General: In all patients receiving epoetin alfa, blood pressure should be closely monitored and controlled as necessary. Epoetin alfa should be used with caution in the presence of untreated, inadequately treated or poorly controllable hypertension. It may be necessary to add or increase anti-hypertensive treatment. If blood pressure cannot be controlled, epoetin alfa treatment should be discontinued.
Epoetin alfa should also be used with caution in the presence of epilepsy and chronic liver failure.
Chronic renal failure and cancer patients on epoetin alfa should have haemoglobin levels measured on a regular basis until a stable level is achieved, and periodically thereafter.
In all patients, haemoglobin levels should be closely monitored due to a potential increased risk of thromboembolic events and fatal outcomes when patients are treated at haemoglobin levels above the target for the indication of use.
There may be a moderate dose-dependent rise in the platelet count within the normal range during treatment with epoetin alfa. This regresses during the course of continued therapy. In addition, thrombocythaemia above the normal range has been reported. It is recommended that the platelet count is regularly monitored during the first 8 weeks of therapy.
All other causes of anaemia (iron deficiency, haemolysis, blood loss, vitamin B12 or folate deficiencies) should be considered and treated prior to initiating therapy with epoetin alfa. In most cases, the ferritin values in the serum fall simultaneously with the rise in packed cell volume.
In order to ensure optimum response to epoetin alfa, adequate iron stores should be assured: Iron supplementation, e.g. 200-300 mg/day orally (100-200 mg/day for paediatric patients) is recommended for chronic renal failure patients whose serum ferritin levels are below 100 ng/ml.

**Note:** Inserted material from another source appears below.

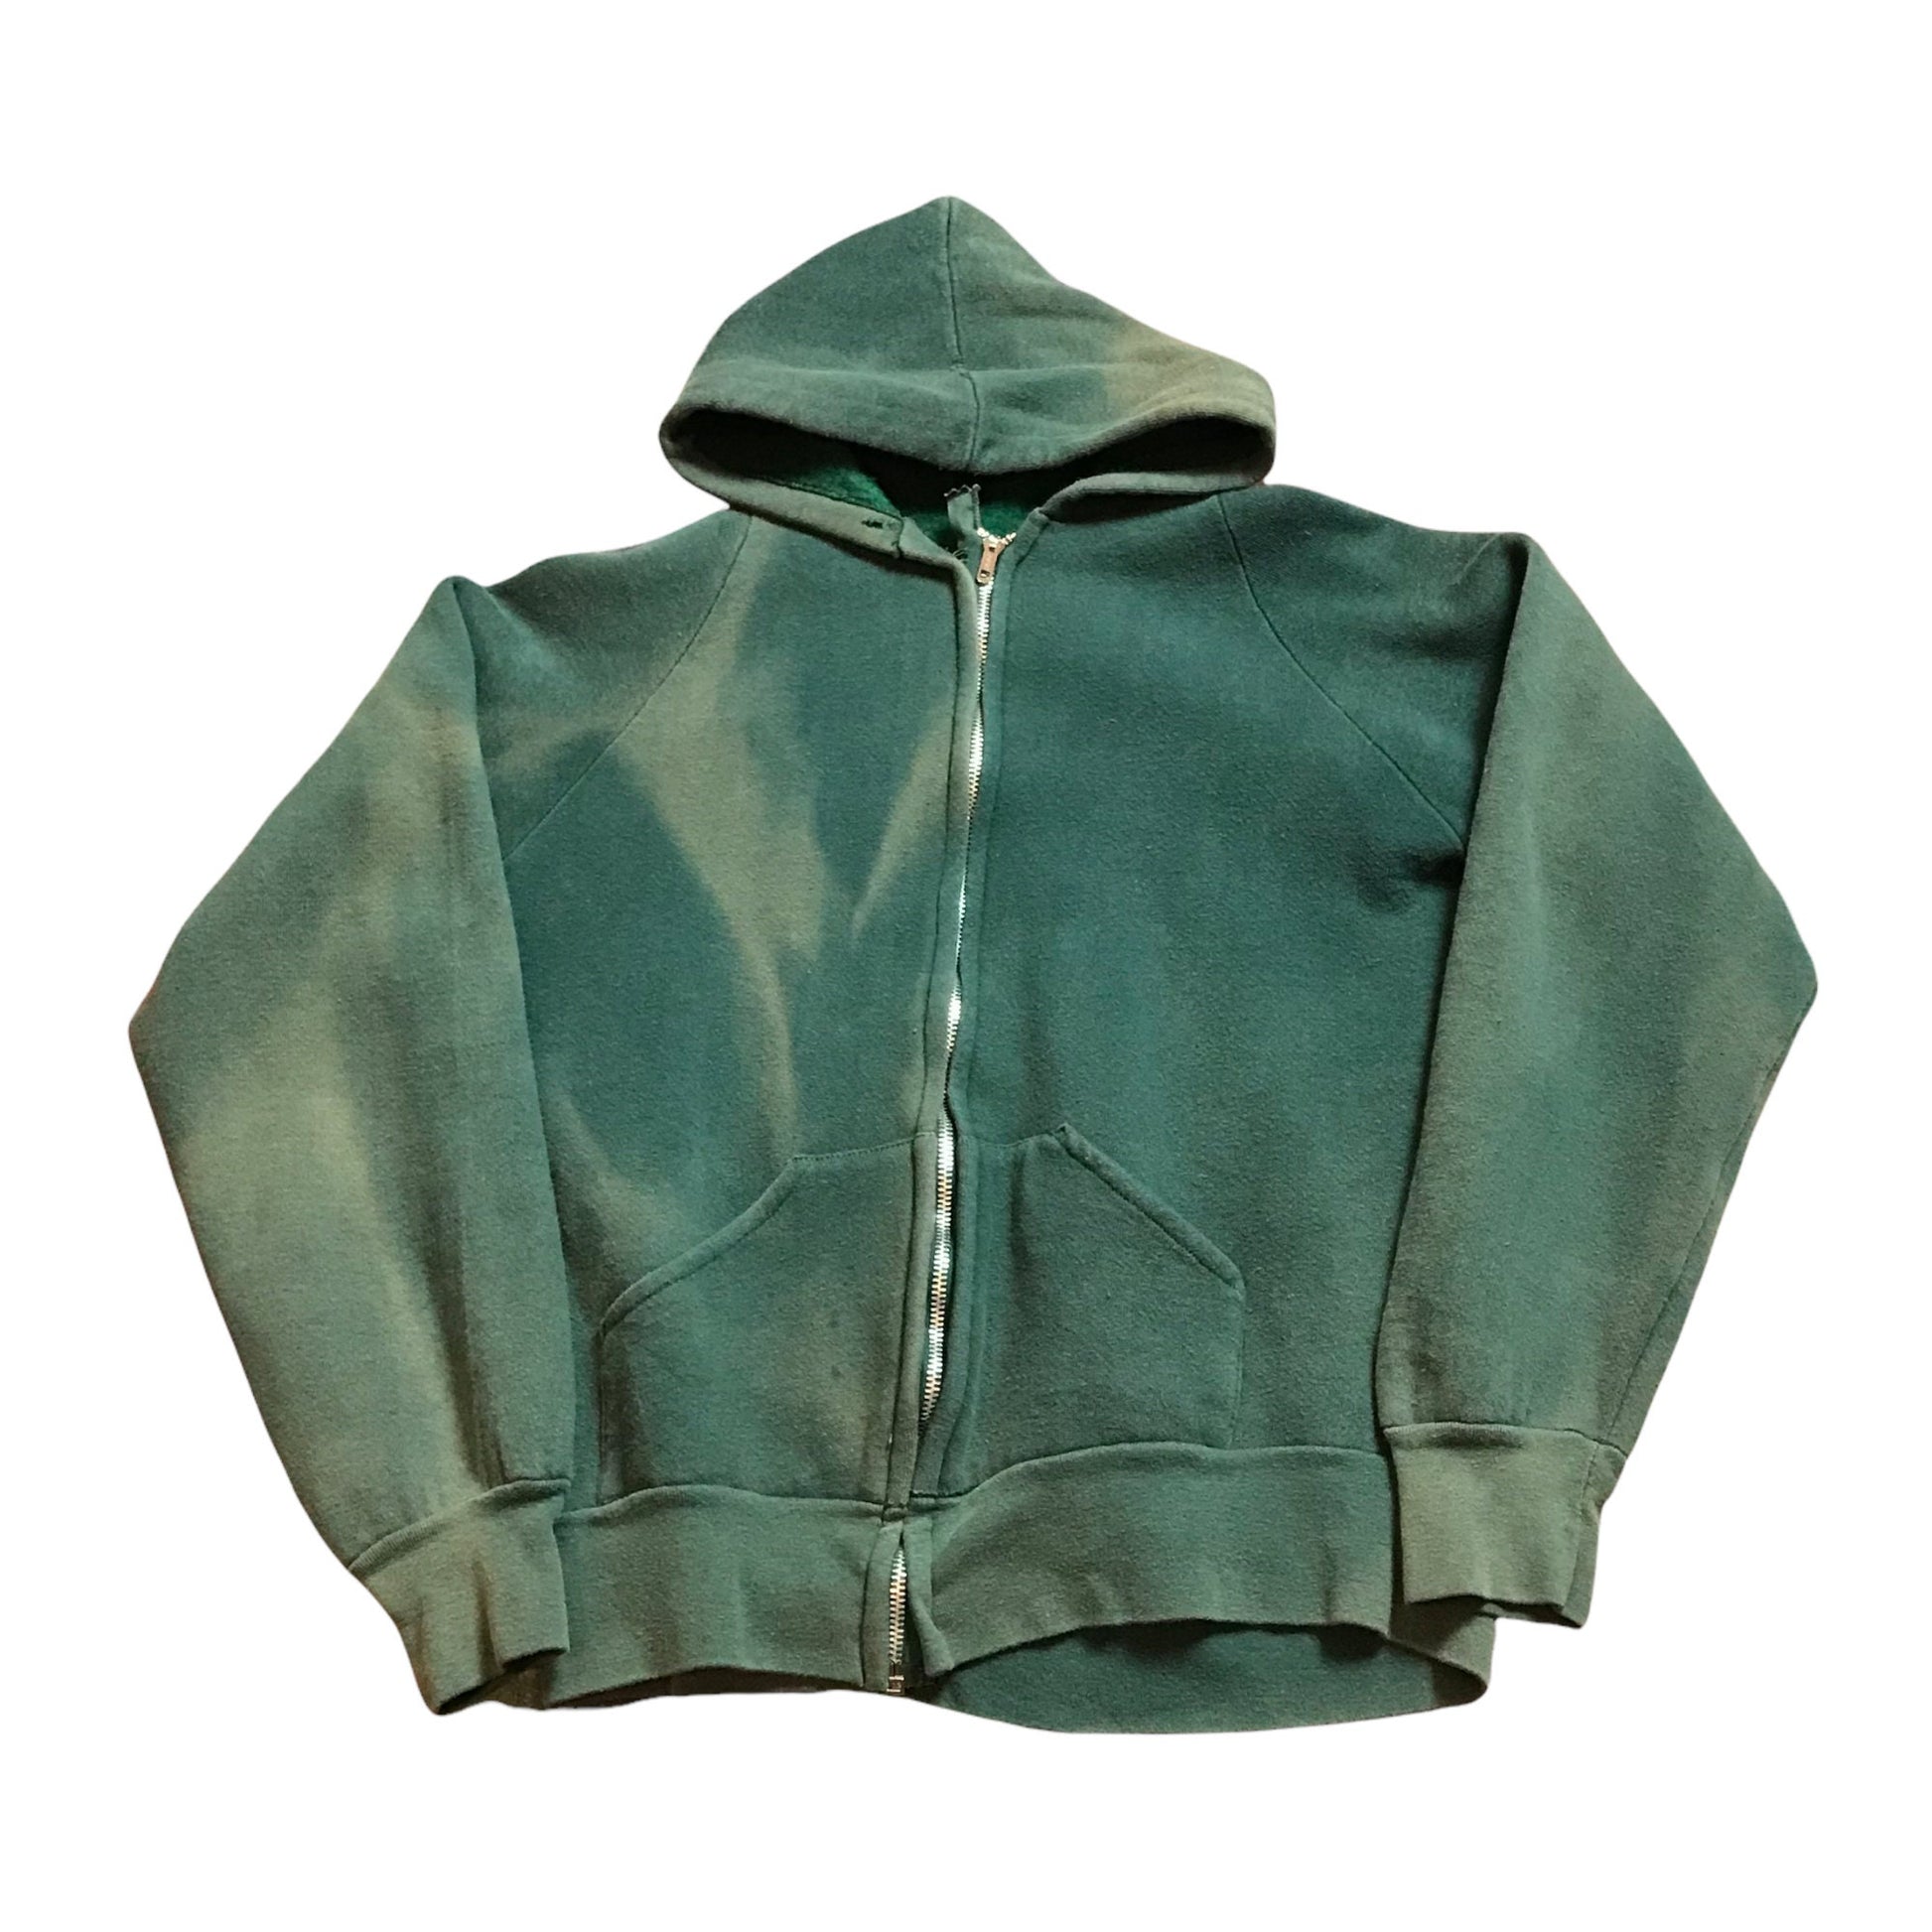 1980s Sunfaded Green Zip-Up Hoodie Sweatshirt Size XS/S

Oral iron substitution of 200-300 mg/day is recommended for all cancer patients whose transferrin saturation is below 20%.

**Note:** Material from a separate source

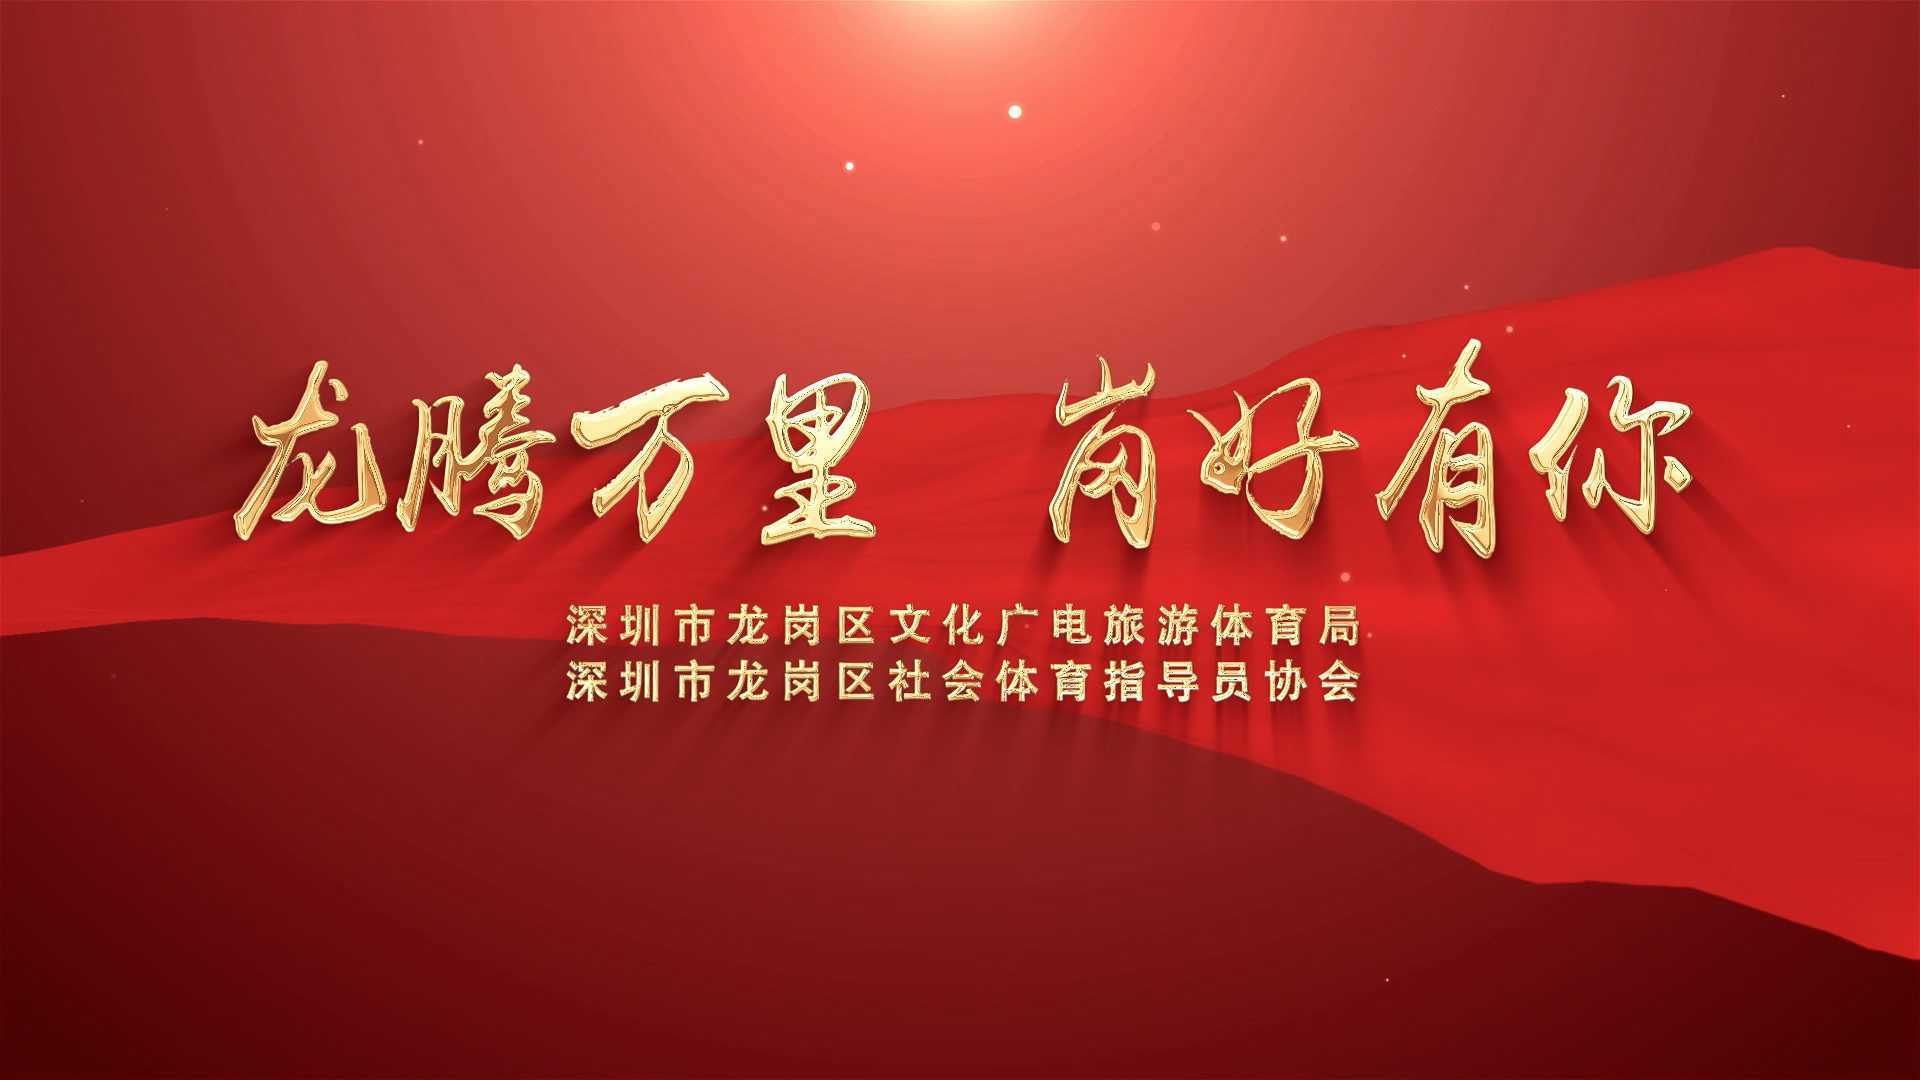 深圳市龙岗区社会体育指导员协会宣传片

All of these additive factors of anaemia should also be carefully considered when deciding to increase the dose of epoetin alfa in cancer patients.
Very rarely, development of or exacerbation of porphyria has been observed in epoetin alfa-treated patients. Epoetin alfa should be used with caution in patients with porphyria.
In order to improve the traceability of erythropoiesis-stimulating agents (ESAs), the trade name of the administered ESA should be clearly recorded (or stated) in the patient file. Patients should only be switched from one ESA to another under appropriate supervision.
Pure Red Cell Aplasia: Antibody-mediated pure red cell aplasia (PRCA) has been reported after months to years of subcutaneous epoetin treatment mainly in chronic renal failure patients. Cases have also been reported in patients with hepatitis C treated with interferon and ribavirin, when ESAs are used concomitantly. Alvoetin is not approved in the management of anaemia associated with hepatitis C.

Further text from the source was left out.